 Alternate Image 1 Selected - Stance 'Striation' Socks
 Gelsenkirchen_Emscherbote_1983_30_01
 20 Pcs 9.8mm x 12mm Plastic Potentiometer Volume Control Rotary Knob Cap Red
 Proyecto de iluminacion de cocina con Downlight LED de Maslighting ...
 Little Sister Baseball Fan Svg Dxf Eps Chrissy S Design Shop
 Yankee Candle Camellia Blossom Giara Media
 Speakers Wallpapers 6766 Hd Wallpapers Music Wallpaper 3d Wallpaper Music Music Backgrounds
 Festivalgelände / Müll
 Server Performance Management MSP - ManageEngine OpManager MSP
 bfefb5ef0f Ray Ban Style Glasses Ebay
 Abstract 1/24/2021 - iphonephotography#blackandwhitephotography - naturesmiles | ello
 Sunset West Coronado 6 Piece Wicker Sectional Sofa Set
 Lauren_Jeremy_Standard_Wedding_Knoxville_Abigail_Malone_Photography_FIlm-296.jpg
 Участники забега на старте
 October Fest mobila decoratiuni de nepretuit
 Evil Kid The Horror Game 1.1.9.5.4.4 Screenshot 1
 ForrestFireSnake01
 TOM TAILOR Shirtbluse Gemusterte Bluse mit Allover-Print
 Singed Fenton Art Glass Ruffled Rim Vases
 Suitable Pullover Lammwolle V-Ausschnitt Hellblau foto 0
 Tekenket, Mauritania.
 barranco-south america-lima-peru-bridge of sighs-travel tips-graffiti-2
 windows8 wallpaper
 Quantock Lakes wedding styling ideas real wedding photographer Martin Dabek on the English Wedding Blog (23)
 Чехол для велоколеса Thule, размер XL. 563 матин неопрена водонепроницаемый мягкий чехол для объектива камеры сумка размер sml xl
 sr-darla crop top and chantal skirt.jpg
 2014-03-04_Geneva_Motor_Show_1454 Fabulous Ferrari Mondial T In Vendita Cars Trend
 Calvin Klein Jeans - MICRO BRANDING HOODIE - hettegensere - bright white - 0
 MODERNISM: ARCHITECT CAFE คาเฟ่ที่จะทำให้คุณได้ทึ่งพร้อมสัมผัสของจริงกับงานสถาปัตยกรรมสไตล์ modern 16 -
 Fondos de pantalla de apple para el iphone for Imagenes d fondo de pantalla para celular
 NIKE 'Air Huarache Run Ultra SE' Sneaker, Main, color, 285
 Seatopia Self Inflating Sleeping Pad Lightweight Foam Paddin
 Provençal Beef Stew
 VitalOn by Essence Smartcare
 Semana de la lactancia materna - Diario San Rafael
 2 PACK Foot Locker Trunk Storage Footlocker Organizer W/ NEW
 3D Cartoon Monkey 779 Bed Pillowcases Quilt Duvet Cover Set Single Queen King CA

▶ TASK PROMPT: Only one stretch is wanted, so please give again exactly the lines from the start of the data through the line containing "Abstract 1/24/2021 - iphonephotography#blackandwhitephotography", both ends included.

▶ YOUR SOLUTION:
 Alternate Image 1 Selected - Stance 'Striation' Socks
 Gelsenkirchen_Emscherbote_1983_30_01
 20 Pcs 9.8mm x 12mm Plastic Potentiometer Volume Control Rotary Knob Cap Red
 Proyecto de iluminacion de cocina con Downlight LED de Maslighting ...
 Little Sister Baseball Fan Svg Dxf Eps Chrissy S Design Shop
 Yankee Candle Camellia Blossom Giara Media
 Speakers Wallpapers 6766 Hd Wallpapers Music Wallpaper 3d Wallpaper Music Music Backgrounds
 Festivalgelände / Müll
 Server Performance Management MSP - ManageEngine OpManager MSP
 bfefb5ef0f Ray Ban Style Glasses Ebay
 Abstract 1/24/2021 - iphonephotography#blackandwhitephotography - naturesmiles | ello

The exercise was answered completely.